IW: Weights values for Input Layer; LW1: Weights values for First Hidden; LW2: Weights values for Second Hidden Layer; b1: Bias values for First Hidden Layer; b2: Bias values for Second Hidden Layer; b3: Bias values for Output Layer.

provide the final weights and biases for both hidden layers estimated by the PSO-ANN model. Using the values of the weights and biases between the different ANN layers, the two output parameters (residual CS) can be determined and predicted.

5. Conclusions

This study investigated the performance of several modified rubberized concretes by exposing them to aggressive environments i.e., acid, and sulphate attacks, elevated temperatures. To examine the effect of WRTCs aggregate content and size on mechanical properties and structural morphology, four batches (A, B, C, and D) were developed as high-performance, sustainable concrete. By using the available experimental test database, an ANN model combined by particle swarm optimization algorithm was presented to estimate the residual CS of modified rubberized concrete after immersion in MgSO₄ and H₂SO₄ solutions. The following provides the main findings of this research. The results indicated that modified rubberized concrete prepared by 5 to 20% WRTCs as a substitute to natural aggregate, provided lower CS and weight lose expose to sulphate and acid attacks compared to control specimen prepared by ordinary Portland cement (OPC).

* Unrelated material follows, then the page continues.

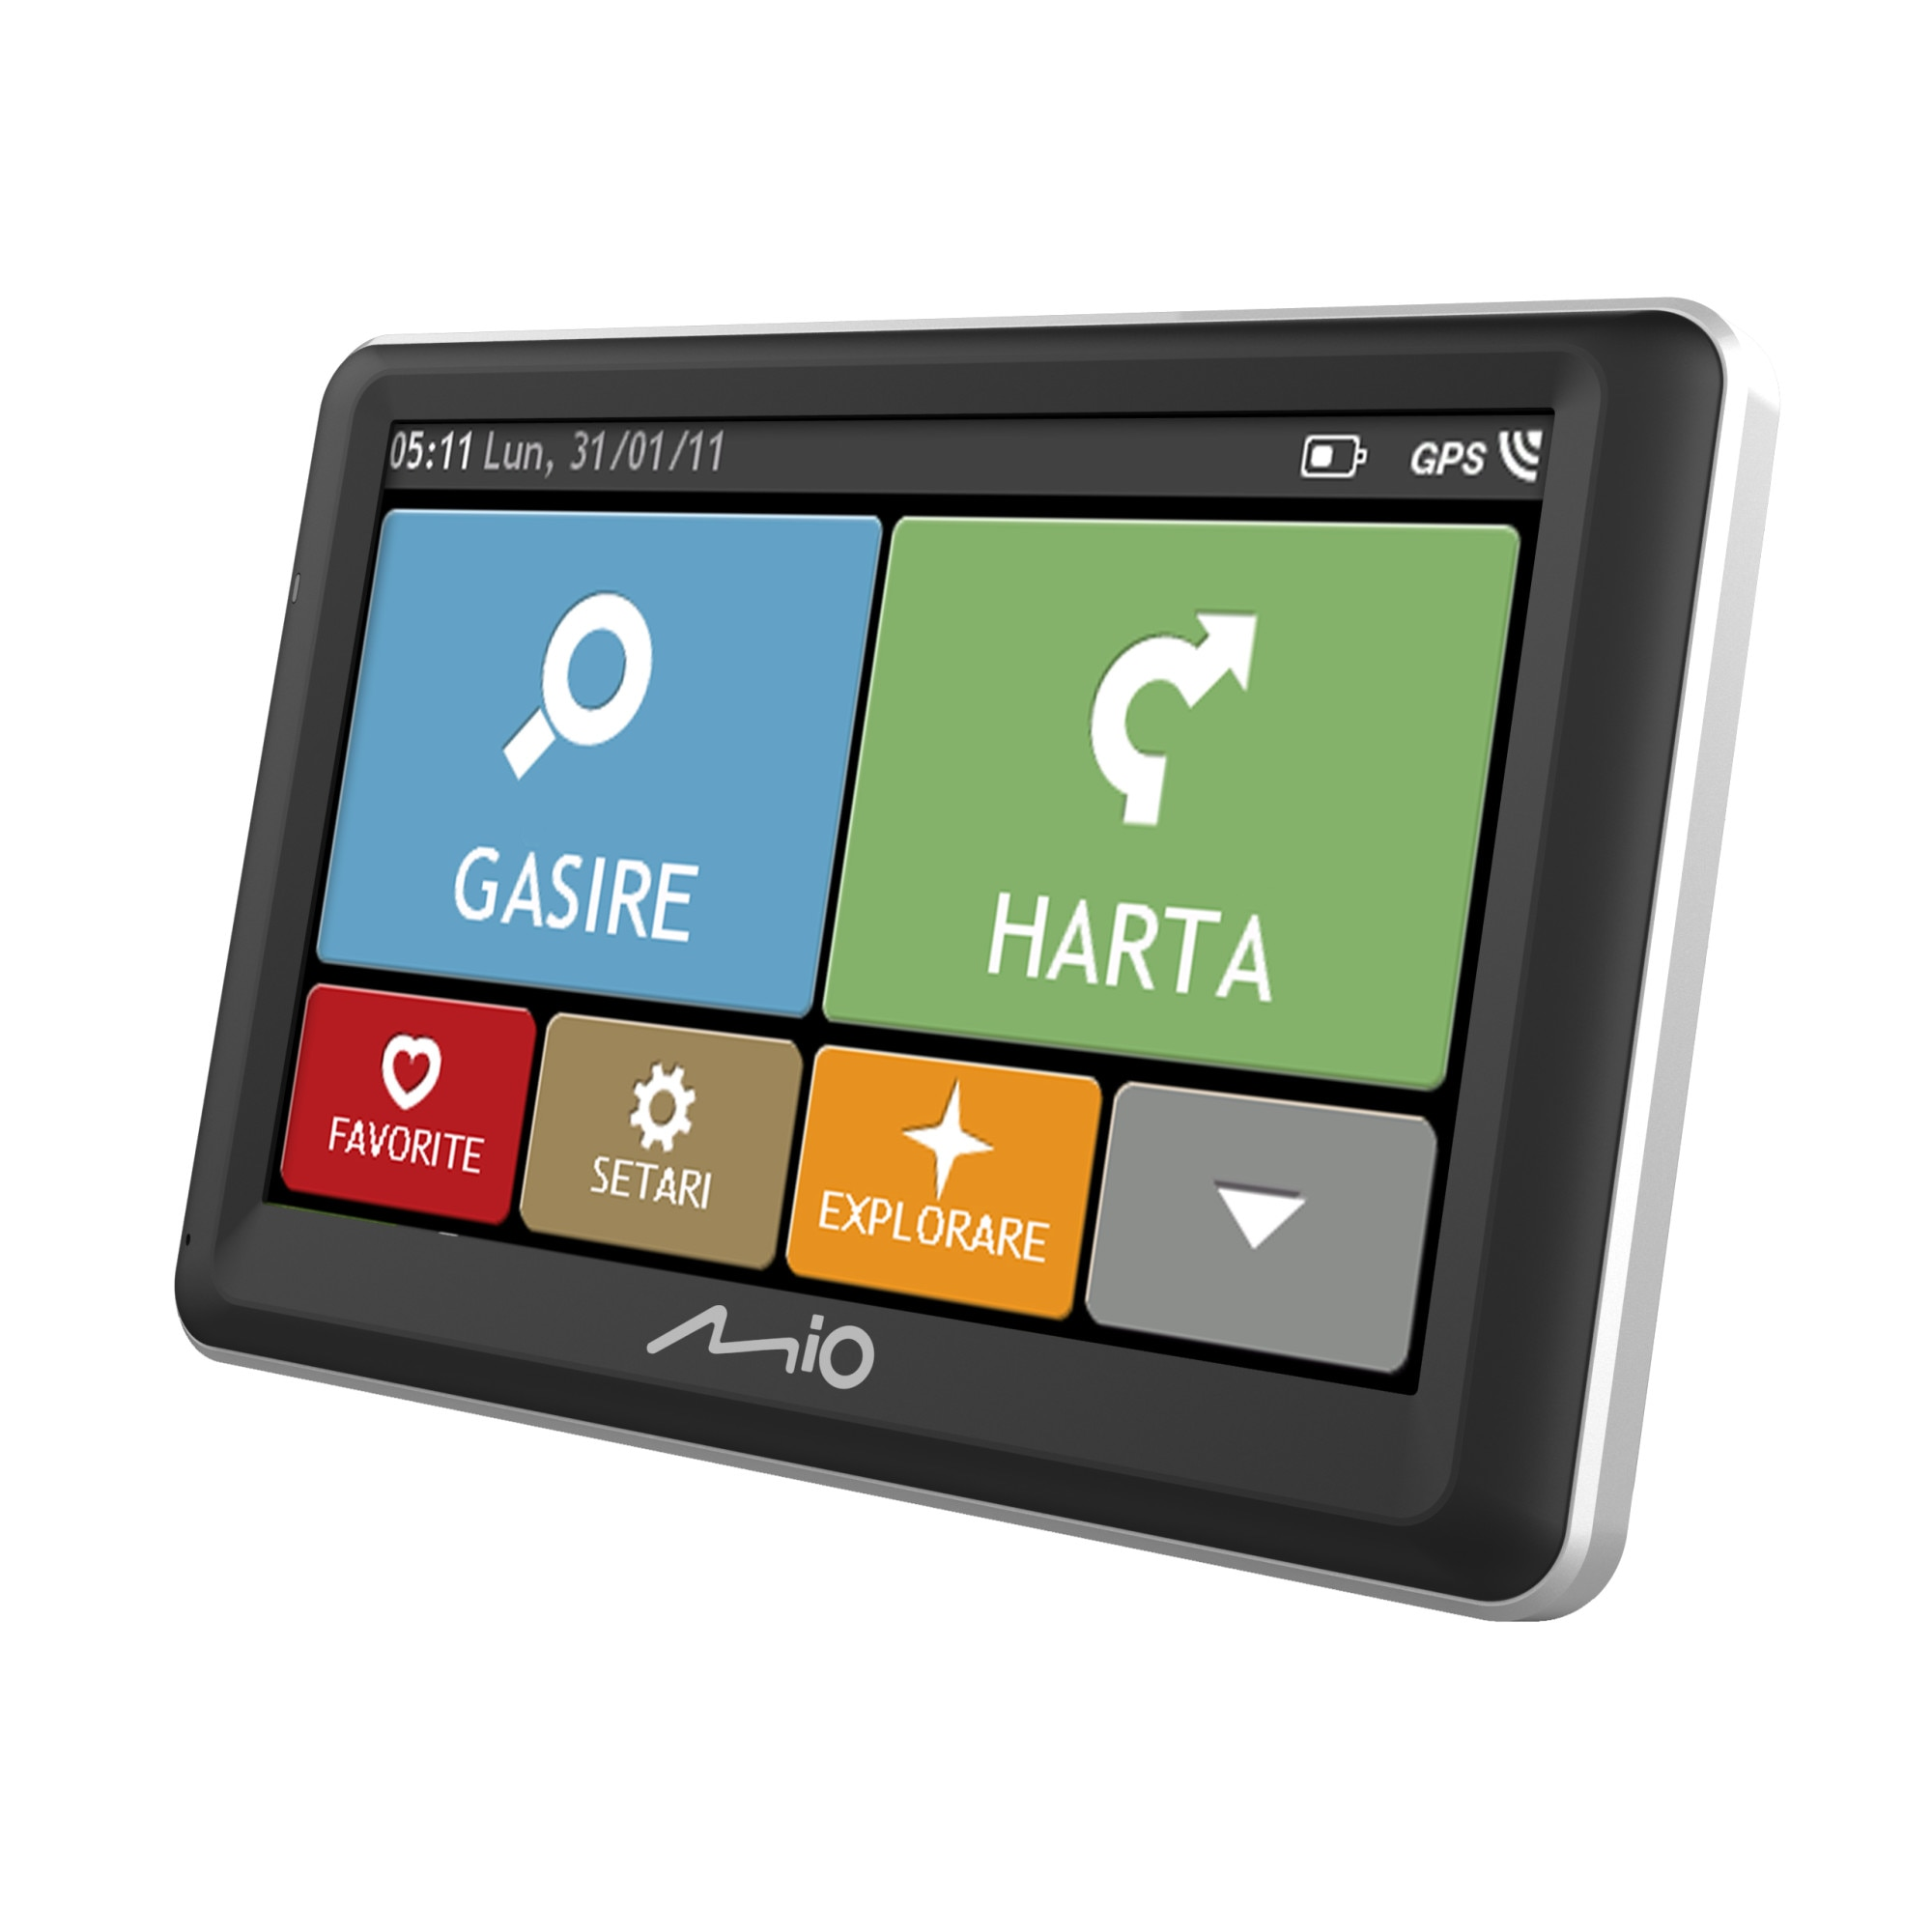 "Fotografie Sistem de navigatie Mio Spirit 7700 LM, ecran tactil de 5 "", actualizări gratuite pe viata, suport magnetic activ"

• The results indicate that the CS in modified rubberized concrete experienced a major reduction after immersion in acid solution (by average 95%) compared to sulphate solution (by average 53%). Such a significant reduction can explain by SO₄⁻² reaction with the Ca(OH)₂ that produces CaSO₄·2H₂O, leading to an expansion of the paste matrix and extra cracks generation in the concrete.
• The XRD patterns showed an increase in ettringite and gypsum in GBFS modified concrete after immersion in MgSO₄ and H₂SO₄ solutions, indicating a high durability performance in such aggressive environment.
• GBFS modified concrete provides the lowest CS loss 15 and 80 MPa in 500 and 900 °C elevated temperatures, respectively. However, by increasing the WRTCs content in modified rubberized concrete from 5 to 30%, the residual CS and weight decreased by 9 and 29% that related to melting of the WRTCs, sluggish evaporation of the water, dehydration of the C-A-S-H gels, and decay of Ca (OH)₂ that occurred above 400 °C.
• The ANN combined with particle swarm optimization algorithm provided satisfactorily results to estimate the residual CS of modified rubberized concrete after immersion in MgSO₄ and H₂SO₄ solutions. In addition, the particle swarm optimization algorithm can also be used as a powerful tool in optimizing ANN weights. By using the optimized weight and bias of PSO-ANN, it is possible to design modified rubberized concrete with targeted mechanical properties and simultaneously manage the consumption of waste materials.